Adding dendrograms to ordination graphs with pvclust, vegan, BiodiversityR and ggplot2
Roeland Kindt
10/12/2020
1 Packages needed
library(BiodiversityR) # also loads vegan
library(pvclust)
library(ggplot2)
library(ggsci)
library(ggraph)
library(tidygraph)2 Introduction
The main objective of this document is to show a pathway of how dendrograms for results that were obtained via pvclust can be added to ordination graphs in ggplot2. This documents builds on previous document where I showed how to generate ordination graphs with vegan, BiodiversityR and ggplot2 and how to create dendrograms for pvclust results with ggraph.
3 Step 1: Conduct the pvclust analysis
3.1 Load the data
The dune meadow data sets have been used as case study in Data Analysis in Community and Landscape Ecology, the Tree Diversity Analysis manual on community ecology and biodiversity analysis (this manual can be downloaded for free from this website ) and various recent examples of generating ordination graphs, species accumulation curves and Renyi diversity profiles.
data(dune)
str(dune)## 'data.frame': 20 obs. of 30 variables:
## $ Achimill: num 1 3 0 0 2 2 2 0 0 4 ...
## $ Agrostol: num 0 0 4 8 0 0 0 4 3 0 ...
## $ Airaprae: num 0 0 0 0 0 0 0 0 0 0 ...

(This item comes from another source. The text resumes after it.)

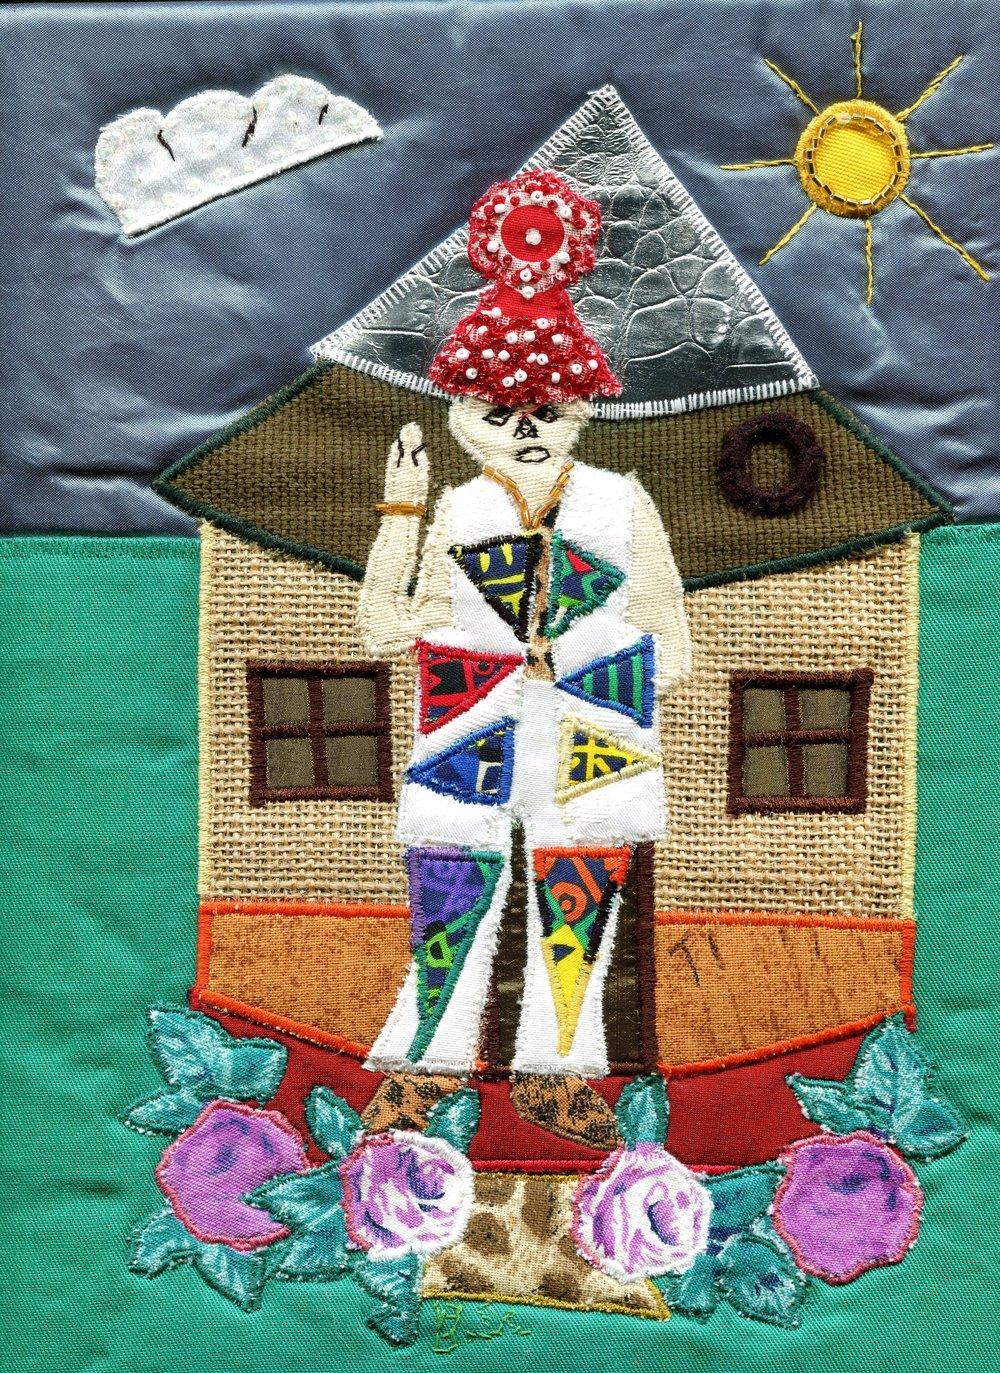 10b Beauty Sekete, Maskandi Musician, Fabric

## $ Alopgeni: num 0 2 7 2 0 0 0 5 3 0 ...
## $ Anthodor: num 0 0 0 0 4 3 2 0 0 4 ...
## $ Bellpere: num 0 3 2 2 2 0 0 0 0 2 ...
## $ Bromhord: num 0 4 0 3 2 0 2 0 0 4 ...
## $ Chenalbu: num 0 0 0 0 0 0 0 0 0 0 ...
## $ Cirsarve: num 0 0 0 2 0 0 0 0 0 0 ...
## $ Comapalu: num 0 0 0 0 0 0 0 0 0 0 ...
## $ Eleopalu: num 0 0 0 0 0 0 0 4 0 0 ...
## $ Elymrepe: num 4 4 4 4 4 0 0 0 6 0 ...
## $ Empenigr: num 0 0 0 0 0 0 0 0 0 0 ...
## $ Hyporadi: num 0 0 0 0 0 0 0 0 0 0 ...
## $ Juncarti: num 0 0 0 0 0 0 0 4 4 0 ...
## $ Juncbufo: num 0 0 0 0 0 0 2 0 4 0 ...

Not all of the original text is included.